Out of all the main female characters in the film, a young single schoolteacher named Annie Hayworth (Suzanne Pleshette)—a buxom brunette of the subtly bitchy yet rather sexy sort—is probably the most tolerable yet ultimately most tragic. An old flame of Mitch’s who actually relocated to Bodega Bay because of him, Annie was no match for the momma boy Mitch’s momma Lydia yet she still cannot get over him, hence why she has stayed in the area. Luckily for Melanie, the titular feathered terrors take care of the competition as the heroine and Mitch eventually suffering the shock of finding the ravaged remains of still-beauteous Annie's bloody bird-brutalized body.
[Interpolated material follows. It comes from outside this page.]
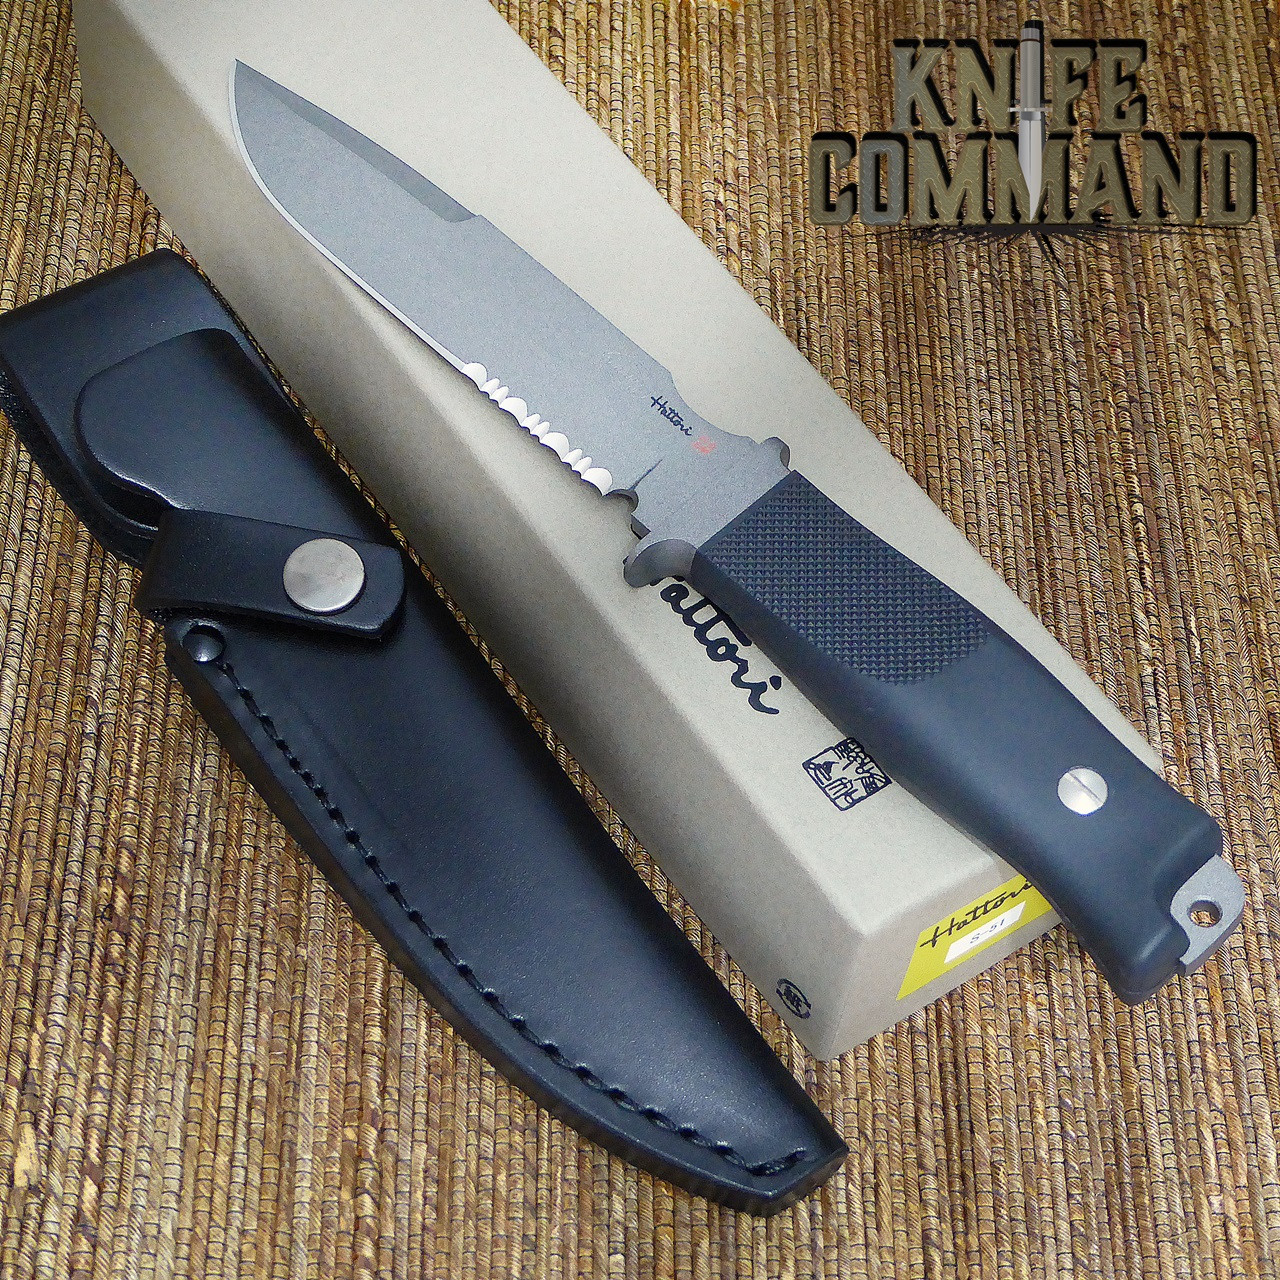 Hattori Knives Model S-51 Sea Commander Combat Military and Dive Knife.  Textured rubber handle with exposed tang/lanyard hole.

Arguably more ravishing and certainly strangely sexier than Melanie, Annie is assuredly one of the most interesting of the Hitchcock chicks and as Paglia noted in regard to the character, “Suzanne Pleshette, with her savvy Jewish Freudianism, puts all the right shadings into her marvelous depiction of the articulate, hyperconscious, but slightly depressive Annie.” In fact, Annie goes as far as arguably hinting that her ex-lover is gay when she states, “Maybe there’s never been anything between Mitch and any girl.” Needless to say, when Annie states in regard to San Francisco—the virtual cocksucker capital of the world—“I guess that’s where everyone meets Mitch,” one cannot help but feel that is once again hinting at his dubious sexuality (notably, in her new foreword to the 2nd edition of her BFI Film Classics book The Birds, Paglia would even describe a neighbor of Mitch’s portrayed by Richard Deacon as “a waspish, fashion-savvy gay connoisseur who recognizes the supreme sexual power of a woman as cult object without yielding to it”).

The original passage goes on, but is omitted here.